Dave Hey

Personal information
- Full name: David James Hey
- Born: 14 December 1905 St Leonards, New South Wales
- Died: 13 May 1967 (aged 61) Smithfield, New South Wales

Playing information
- Position: Centre
Club
| Years | Team | Pld | T | G | FG | P |
| 1926–29 | Western Suburbs | 21 | 5 | 0 | 0 | 15 |
| 1931 | St. George | 1 | 0 | 0 | 0 | 0 |
|  | Total | 22 | 5 | 0 | 0 | 15 |
- Source:
- Relatives: Vic Hey (brother)

= Dave Hey =

Australian rugby league footballer and administrator

David James Hey (1905–1967) was an Australian rugby league footballer who played in the 1920s and 1930s.

==Playing career==
Hey and his brother Vic Hey both played with the Western Suburbs club although Dave was 6 years older than his famous brother.

He played three seasons with Wests, went to the bush in 1930 and had one final season with the St.
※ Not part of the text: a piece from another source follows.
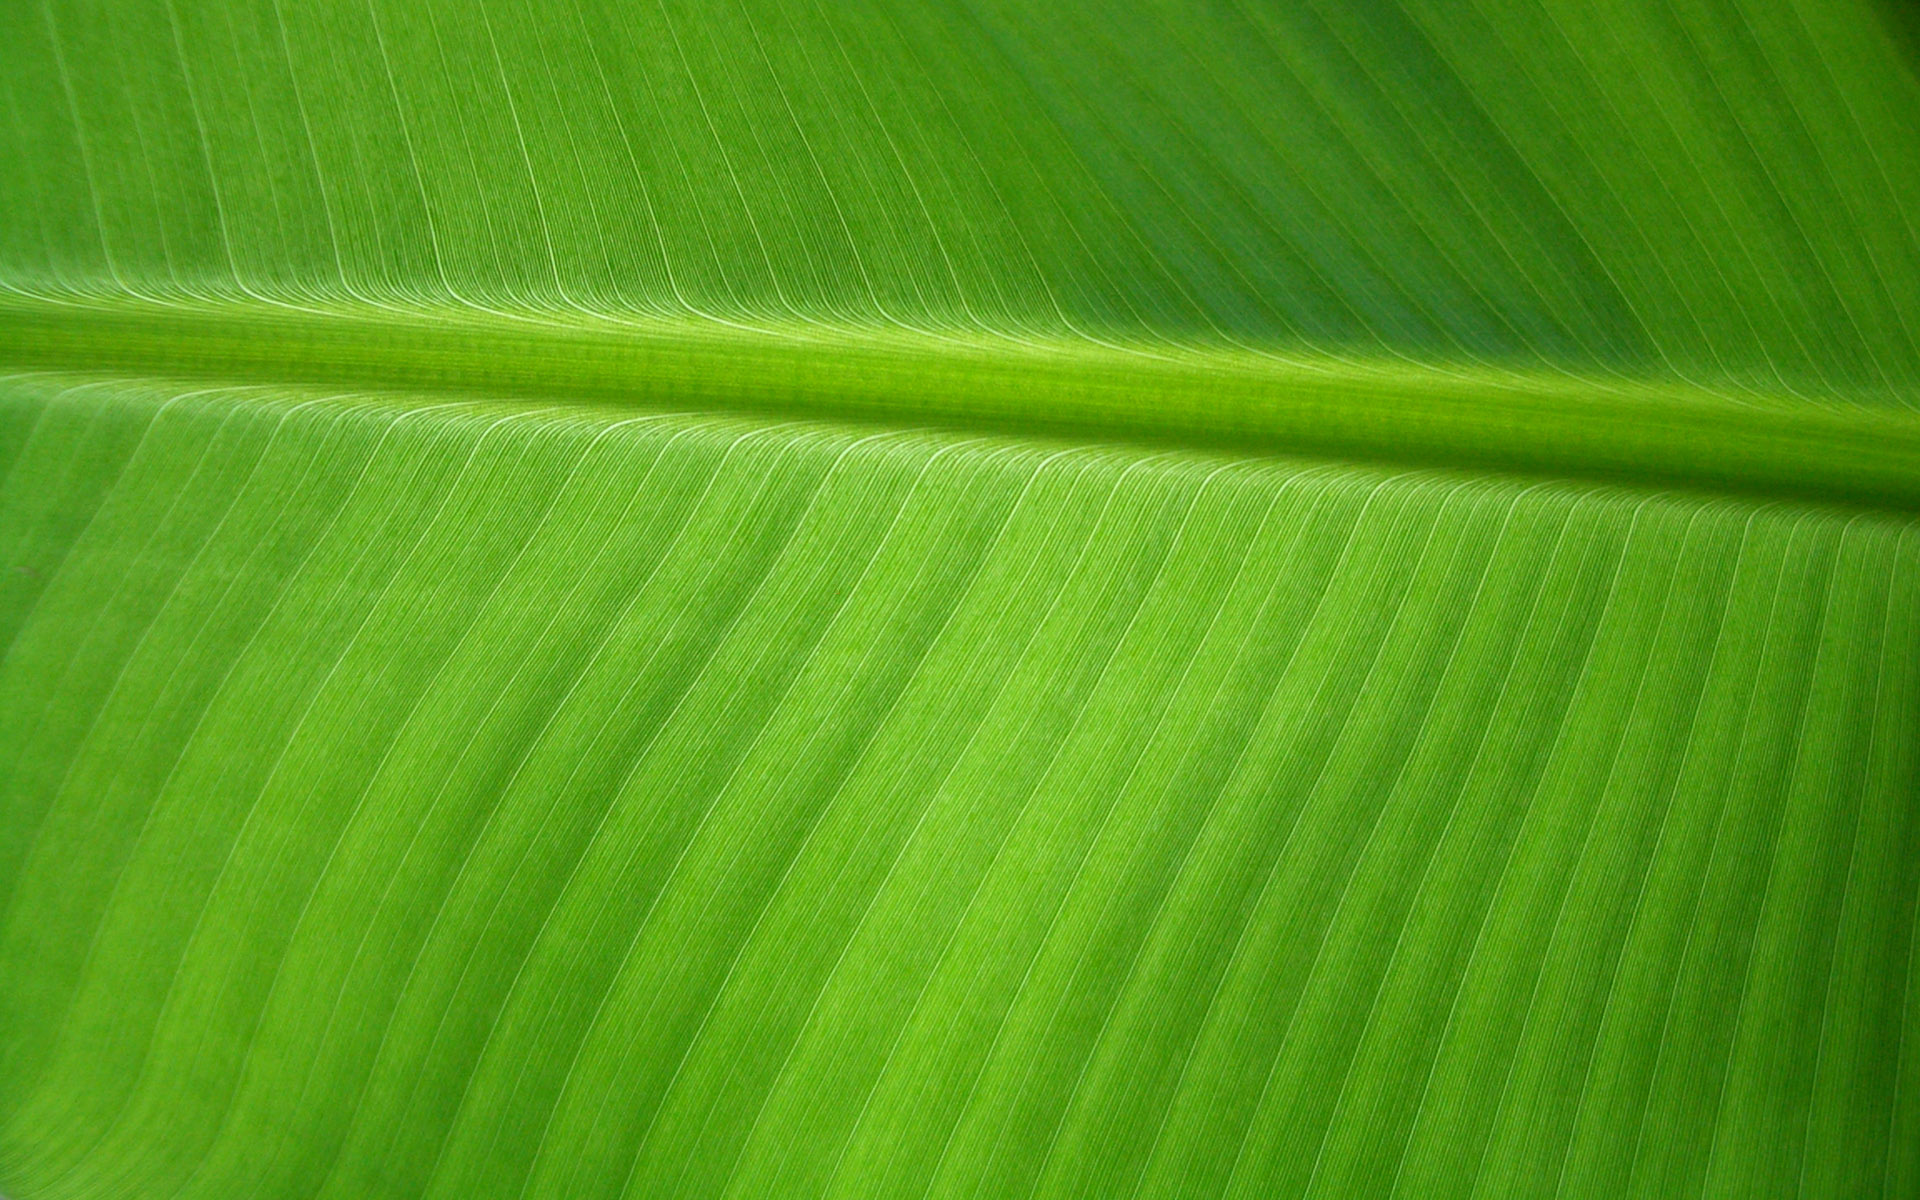 Banana Leaf by OrodrethC on DeviantArt

George club, playing one game with them in 1931. He moved to other rural areas in the 1930s, he captain/coached Cootamundra 1932, Glen Innes 1933 and Kiama, New South Wales in 1934.

Hey was still coaching A grade in the Fairfield/Smithfield area in the 1940s.

Hey also served in World War II between 1943 and 1946.

==Death==
Hey died at Smithfield, New South Wales on 13 May 1967.